Weakness has its attributes; strength has other attributes. Intelligence

or quickness of mind may be one attribute, wisdom may be another,

craftsmanship may be a third, but none is superior to the other and from

that point of view the very pyramidal ranking with which we organize

reality in our everyday experience dissolves into a gestalt, into a

harmonious integration of many different features of individuals so that

each pools into the common fund a unique individuality called the

community itself through their own uniqueness as individuals. The

problem with biological determinism, of trying to reduce everything in

our culture or most things in our culture, from population to emotions,

from family structure to class structure, to genetic material, to the

morphological apparatus of the individual, this reductionism validates

the status quo, it accepts the given and fixes it eternally in the

genetic material of humanity. The essential achievement of human beings

and ultimately their essential destiny, as it were, is their ability to

transcend the biological, not with a view toward dominating it, but with

a view toward bringing a new input into it, and that input is

consciousness. We in a sense have a destiny in the biological world,

oddly enough, and this is perhaps the most relevant biological goal that

we could aim for in our analysis of society. That is that having come

out of nature, having come out of the kinship systems of clans, having

come out of the sexual division of labour, having come out of age

groups, into a new type of territorialism in which people can associate

with each other not on the basis of blood ties, not on the basis of

sexual ties, but above them on the basis of a genuine community of

interests and consciousness.

This can give us a new freedom, and without a free society that can then

react upon nature, not to demolish the natural world, not to simplify

the natural world, but on the contrary to reconstruct, to help it

develop, to promote variety to do in 10 years what it may take nature a

million years, to recolonise and still further colonise and variegate

the world of life, placing it not in our service – indeed placing

nothing in our service, neither thing nor being – but on the contrary

developing a new mutualistic relationship with each other and with the

entire world of life.

You cannot have biology today without remembering that you have society.

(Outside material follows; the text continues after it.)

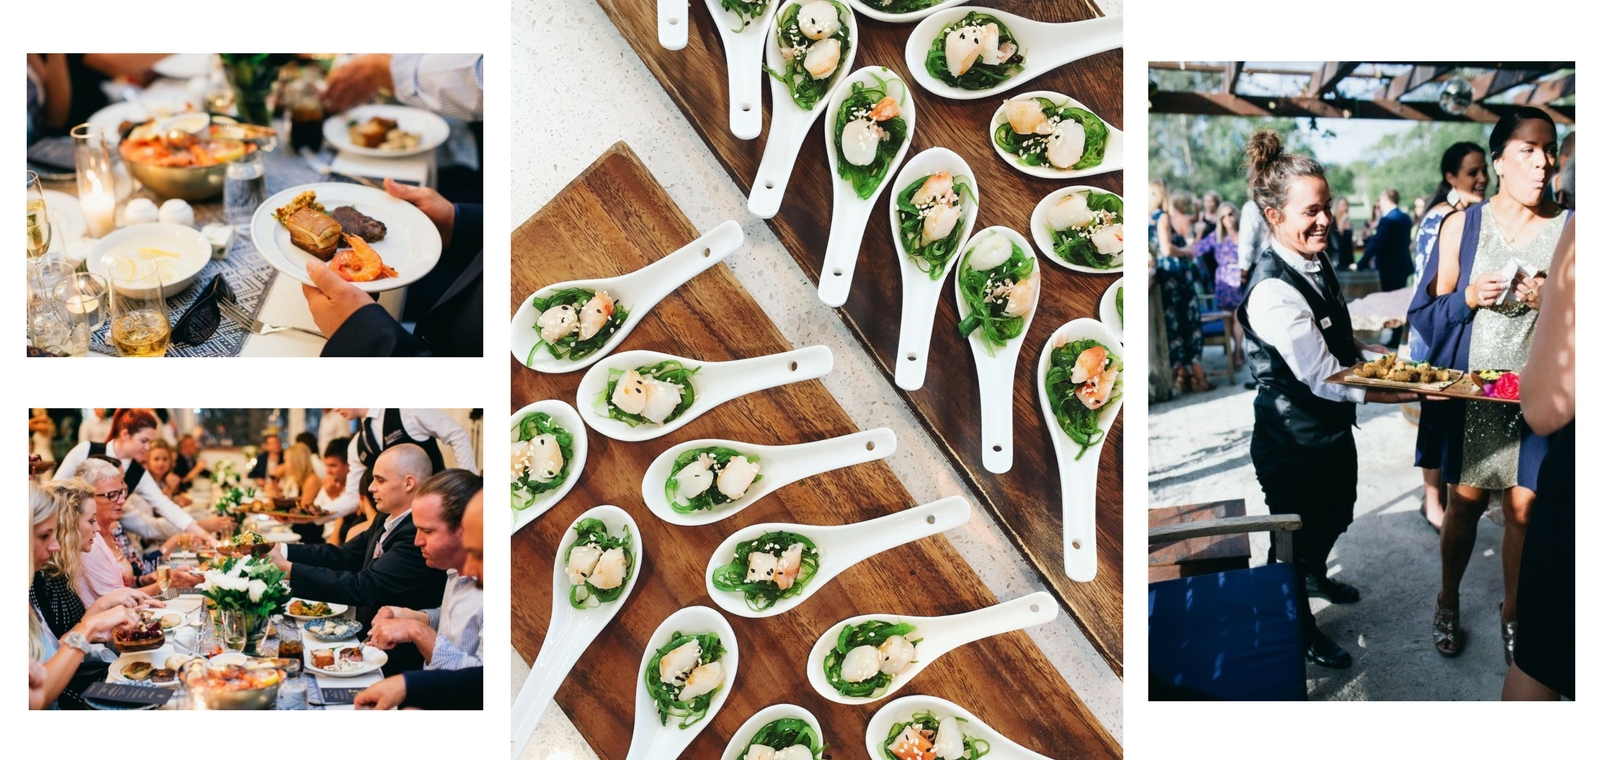 Australian Catering Services - Brisbane's Best Caterers

You cannot reduce society to biology any more than you can reduce

biology to society. Both interact with each other, both have become

dimensions of a humanised nature and, hopefully, in Marx’s words, a

naturalised humanity. And a new balance has to be struck so that the

liberation, the freedom that we can introduce into our own society can

be returned to nature to enrich the natural world and thereby create an

even more substantial stable base for a pacified, a peaceful, a

harmonised, natural and social world.